If the project is fissile, most of this code cannot be shared, and most of it is shared by copy. If it goes on like this, it won’t.

(2) the framework layer

This situation is suitable for a company with a unified ORM framework, but in many cases it is not practical. This is done by modifying or enhancing the functionality of the existing ORM framework by adding custom primitives or hints to SQL.

Implementing some interceptors (such as Mybatis’ Interceptor interface) and adding some custom parsing to control the flow of data is better, but will change some of the existing programming experience.

Many cases to modify the framework source code, not recommended.

(3) driver layer

Due to the shortcomings of cutting into the coding layer and the framework layer, true database middleware starts at least from the driver layer. What does that mean? Essentially, you rewrote a JDBC driver, maintained a routing list in memory, and then forwarded requests to the actual database connection.
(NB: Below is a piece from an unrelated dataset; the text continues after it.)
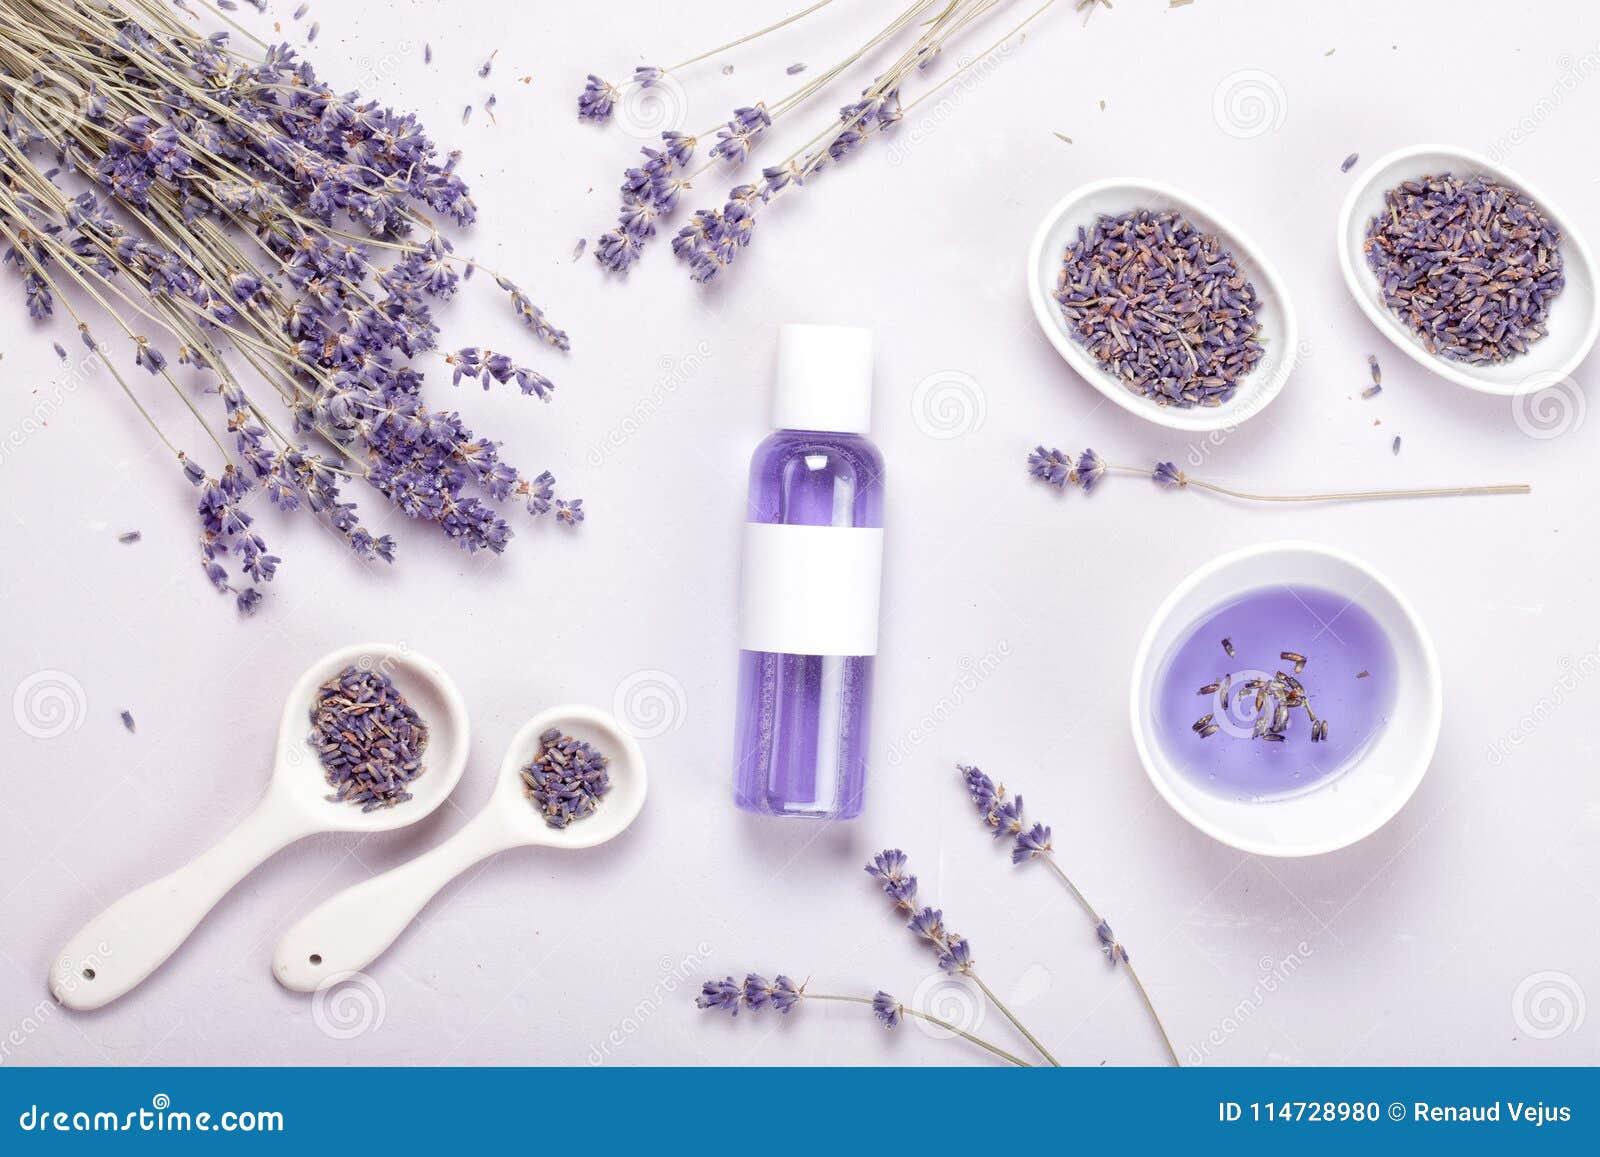 De producten van de lavendellichaamsverzorging Aromatherapy en natuurlijk gezondheidszorgconcept

Things like TDDL, ShardingJDBC, etc., are cut in at this layer.

Including Mysql Connector/J Failover protocol (specifically “load balancing”, “Replication”, “Farbic”, etc.)

Also modify directly on the driver.

The flow of requests generally looks like this:

(4) agent layer

The database middleware at the proxy layer disguises itself as a database and accepts links from the business side. The requests from the business side are then loaded, parsed or forwarded to the real database.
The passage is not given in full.